「エモい」

「エモい」とは、いったいどこの誰が生み出した言葉なのだろうか。
おそらく、皆さんも一度は使ったことがあるであろう。この言葉が大変便利な言葉であることは、言うまでもない。

「エモい!」

友達にこの写真を見せたときに言われた。
エモーショナル、つまり情緒的という意味の「エモ」だとしたら、まぁ共感できる。
やはり、便利な言葉である。

今回、私は皆さんに問いたいことがある。
あなたが幼い頃に「エモい」という言葉が存在していたら、日常会話に用いていただろうか?

私が幼かった頃には「エモい」という言葉は聞いたこともなかった。なので、今考えたらアレらはエモいのかと思い返す出来事はかなりある。
しかし、誰しもが体験する幼い頃の記憶たちは「エモい」の一言で済まされていいのか。あの日々は、果たして「エモい」のか。
私たちが目で見た全て、耳で聞いた全て、鼻で感じた全て、手で触れたもの全てに、過去の私はどんな思いを馳せていたのだろうか。

エモい、と言われて思い出したエピソードがある。確か小学校高学年の時の話である。

夏の入道雲を捕まえようと追いかけるように、幼馴染と一緒に、どこに行くのか分からないままただひたすらペダルを漕ぎ続けた。
「どこ行くの?」と幼馴染に聞かれ、「テキトーにどこでもいいよ」と答えた。それすら楽しかった。ドキドキした。なんていう気持ちなのかは、よく分からなかったけれど。
坂道を下れば、自分の汗のニオイと、体温に混じるぐらい温い風の、言葉にはできないけど、「地元のニオイ」が鼻の奥の方を勢いよくくすぐった気がした。
その日はなぜか、家に帰るのが惜しくて惜しくてたまらなかった。夕方5時を知らせるチャイムが鳴って、「もう鳴っちゃった」と思った。
自分の汗のニオイとか、汗だくだったTシャツが少し乾いて冷たくなったような感覚とか、今でも思い出せる。

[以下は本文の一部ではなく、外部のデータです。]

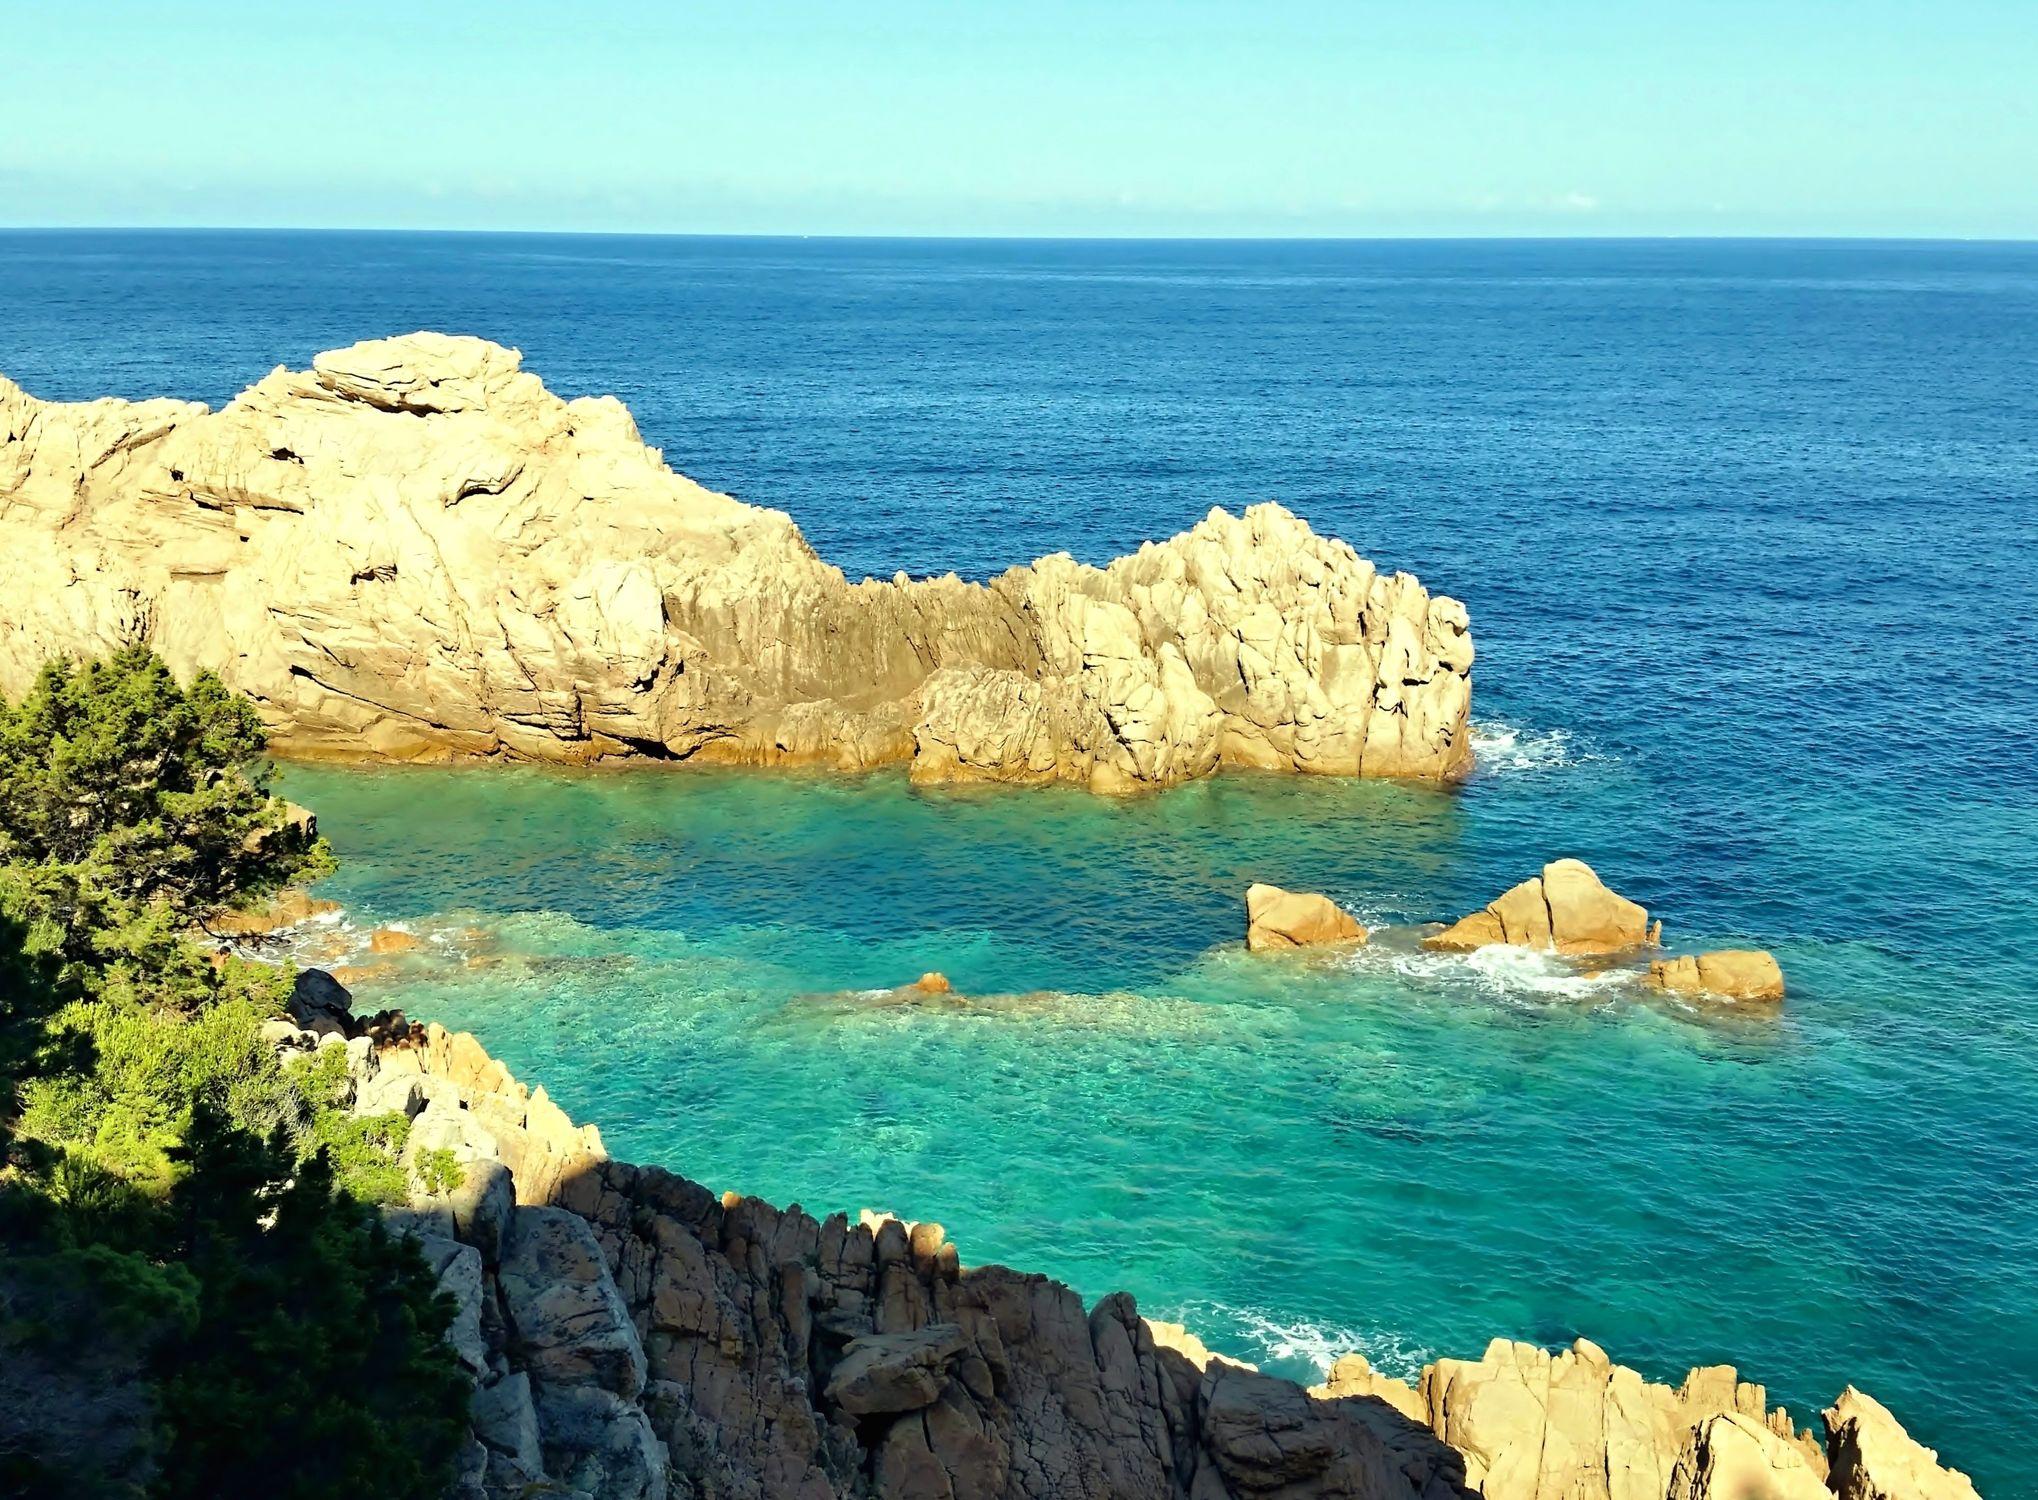 Bild mit Natur, Felsen, Italien, Meerblick, Meer, Mittelmeer, Landschaft, Sardinien, Klippen, Naturbilder

多分、「なんていう気持ちか分からなかった」というのは、ネオ現代語に置き換えると「エモい」だったんだろう。
五感が、夏に震わされた。当時の私には、当然そんな表現力もなかったわけで、今もあの日のことを割と曖昧な言葉で語っているが、確かにあの日は「感」を揺さぶられたであろう。

ではこれから10〜15年後ぐらい、要するに私に子どもができるあたりの時代、小学生や中学生が「感」を揺さぶられたとき、彼らはどう思うのだろう。どう表現するのだろう。
私が書いたこの文章が、今後残るはずもないからこんなところで言っても無駄かもしれないが、ひとつだけ教えてあげたい。

「その気持ちが分からないままで良い」

きっと新しい体験をするたびに嬉しいような、不安なような、はたまた涙したくなるような気持ちになるだろう。私も小学生の時に同じ気持ちに駆られたことがあるから。
だからもし自分に子どもが出来て、新しい体験をした時に下手に言葉にしようと努力して「エモい」という一言でまとめてみたりはしないでほしい。
これはほんの簡単な例えだが、「夕陽を見て綺麗だと思った」としよう。
きっと、今の私ならその夕陽を見て「エモい!」と言ってしまうだろう。しかし、ひと昔の私であれば「わぁ、綺麗」と、いたって単純な言葉でその胸の温かみを包むだろう。純粋とは、こういうことである。
そう、これでいい。「わぁ、綺麗」だとか、見た通り感じた通りの言葉でいい。
その心は誰にも分からないかも知れないけど、あと少し大きくなれば、なんとなく断片的に言葉にできる日が来るから。

「エモい」という言葉は汎用性も高いし、会話の中で相手に感じたことを伝えるための言葉の中では一番理解しやすい言葉だと思う。
しかし、私たちの時代で死語になってほしいとも思っている。それは、「これから生まれる子供たちにこんな単純な言葉使って欲しくない」とか、そういう意味ではない。
感覚を、自らの言葉に変換してほしい。

日本語は美しい、そして素晴らしい。たった一つの言葉をとっても、その同義語だけで相当な数がある。
「綺麗」「ドキドキする」「悲しい」「不安」
さまざまな言葉の中から、どれでもいいからその人らしい言葉で、その人の感情をみんなに伝えてほしい。私は、多くの人たちのその言葉を知りたい。感情を知りたい。

ここまで、「エモい」という言葉についての私の考えをまとめてみた。
何だかんだ、私も心の声を素直に言葉にできずに結局「エモい」と言うことの方が多い。
ただ、自分がこの文章を書いたことをきっかけに、心が「エモい」と感じたものを、なるべく自分が知っている日本語を組み合わせて文章にしていきたい。

そうすれば、いつか誰かと本当の意味で感情を共感し合えることが出来る気がするから。